Опять вы, гордые, воссталиЗа независимость страны,И снова перед вами палиСамодержавия сыны,И снова знамя вольности кровавойЯвилося, победы мрачный знак,Оно любимо было прежде славой:Суворов был его сильнейший враг.
По содержанию фрагмент вернее всего отнести именно к польским событиям, но этому противоречит дата: восстание в Польше началось в ноябре, а стихи написаны на странице, имеющей авторскую помету: 10 июля (1830). Мнением большинства исследователей отрывок трактуется как отклик на революцию во Франции. Однако и эта версия противоречит реалиям текста. Первые известия о парижском возмущении дошли до Москвы в августе. Неясно также, какое отношение имеют к событиям во Франции «самодержавия сыны», да и Суворов вряд ли может быть назван злейшим врагом французской «вольности». К тому же на это событие Лермонтов уже откликнулся – памфлетом на Карла X.
Короче: если проставленное рукой автора число – 10 июля – не является датой французской революции, то почему бы не отнести стихи к Варшавскому восстанию, ведь в их содержании нет ни одного момента, который противоречил бы такому предположению? Лермонтов мог записать текст на оставшейся чистой странице – под датой задуманного, но не состоявшегося стихотворения. Месяц июль 1830 года был месяцем его литературной влюбленности в мадемуазель Сушкову, и каждый день того июля в Середникове, куда мисс Блэк-айз приезжала ежедневно, был поводом к еще и еще одному посланию… Так почему же не предположить, что в тот день между молодыми людьми произошло нечто, что Лермонтов отметил, со свойственной ему пунктуальностью, датой. А стихи не написались, поскольку вполне вероятно, что именно 10 июля 1830 года в Середникове стало известно: в редакции «Московских ведомостей» уже получено сообщение о севастопольской трагедии.

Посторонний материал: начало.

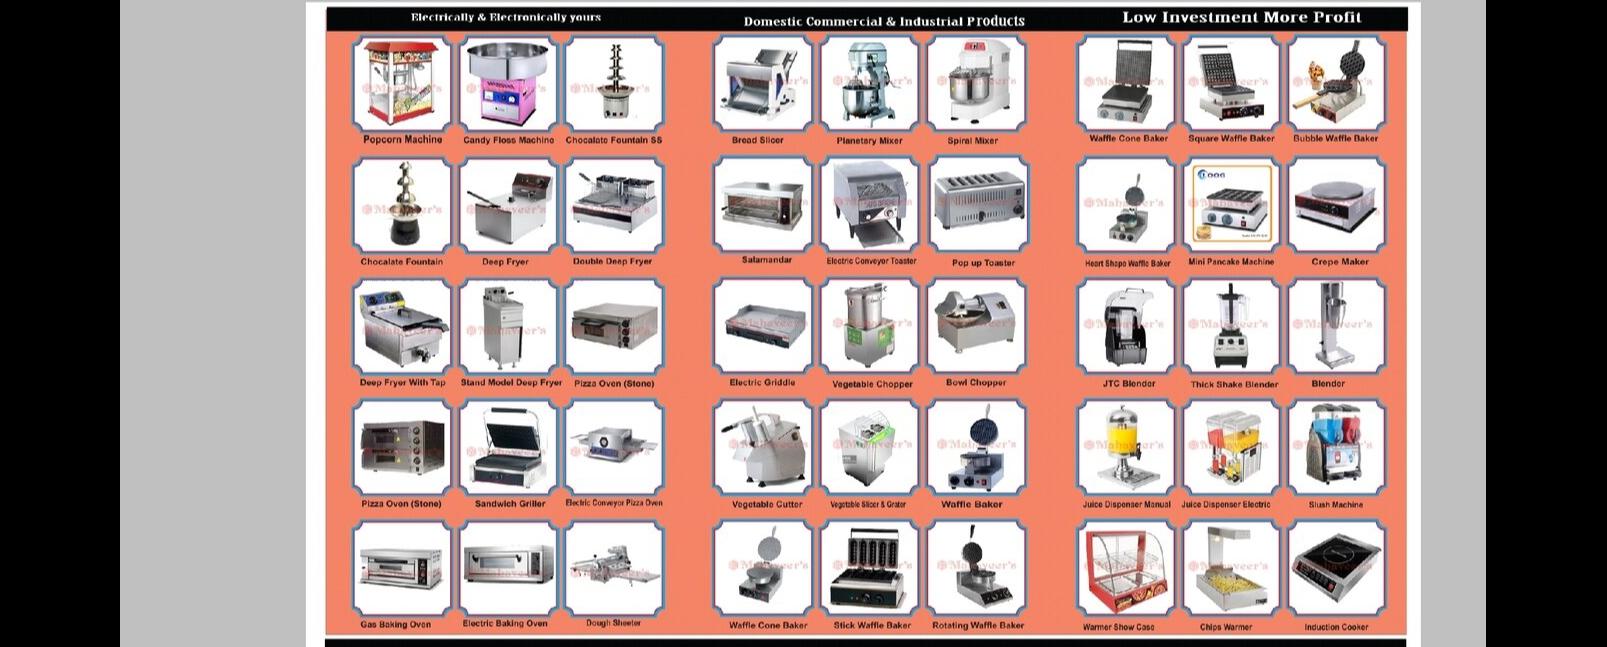 Mahaveer Electronics Electricals - Food Processing Machinery Supplier in Jeera-Bhoiguda, Hyderabad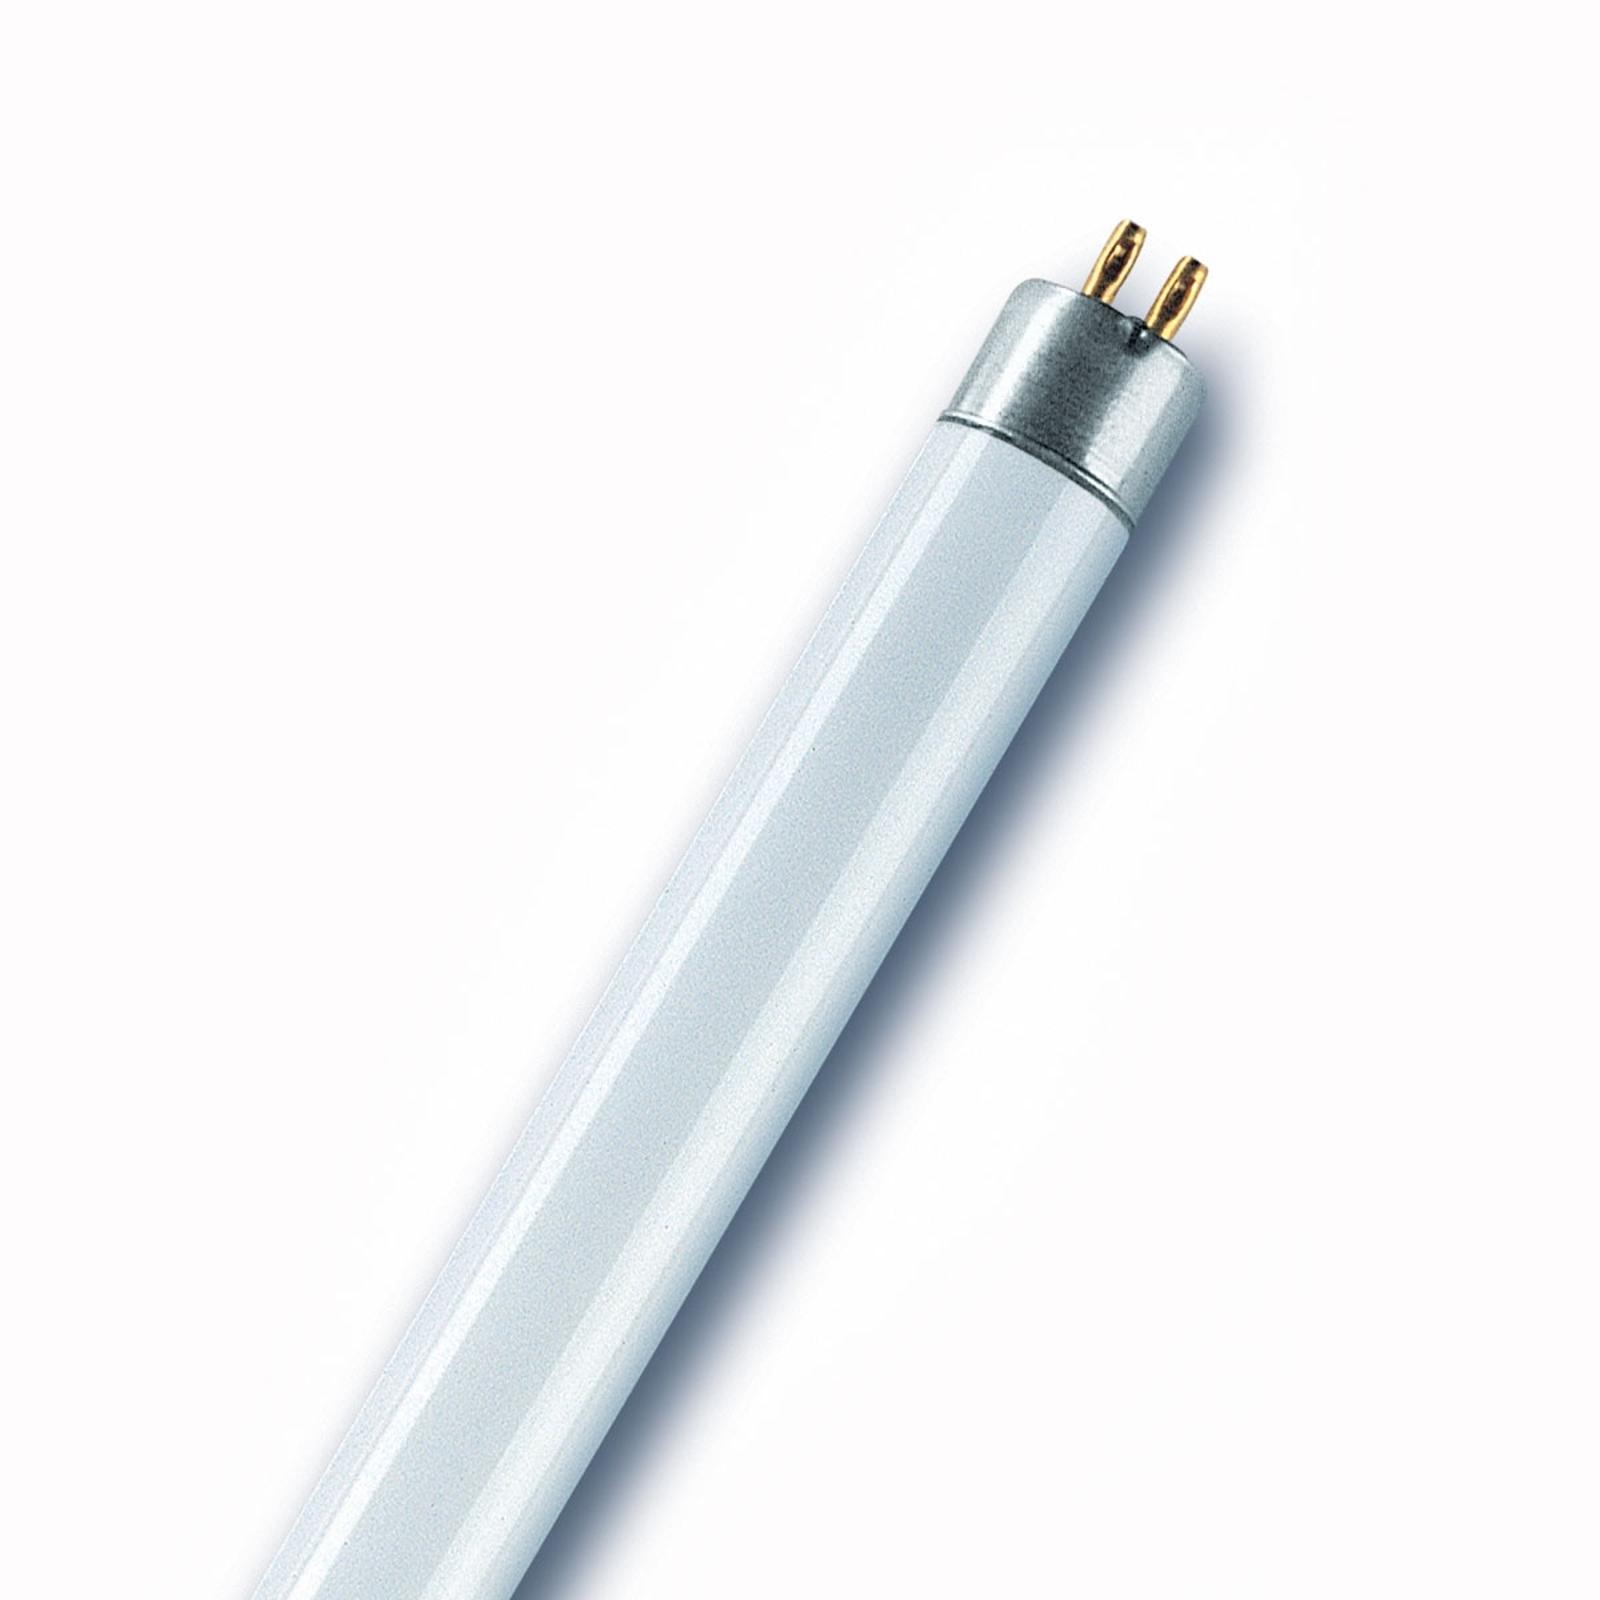 Leuchtstoffröhre G5 T5 54W 830 Lumilux HO

Впрочем, о какой бы революции ни шла здесь речь, стихотворение подтверждает, что и политико-нравственное отделение Лермонтов все-таки выбрал не случайно и что его тогдашние (в 1830–1831 гг.) политические предпочтения мало чем отличались от убеждений радикально настроенной университетской молодежи. Не избежал он, пусть и пассивного, соучастия в так называемой «маловской истории». История эта широко известна благодаря Александру Ивановичу Герцену, описавшему ее в «Былом и думах». Но существует и другая, не столь романтическая версия. Ее автор – Яков Костенецкий.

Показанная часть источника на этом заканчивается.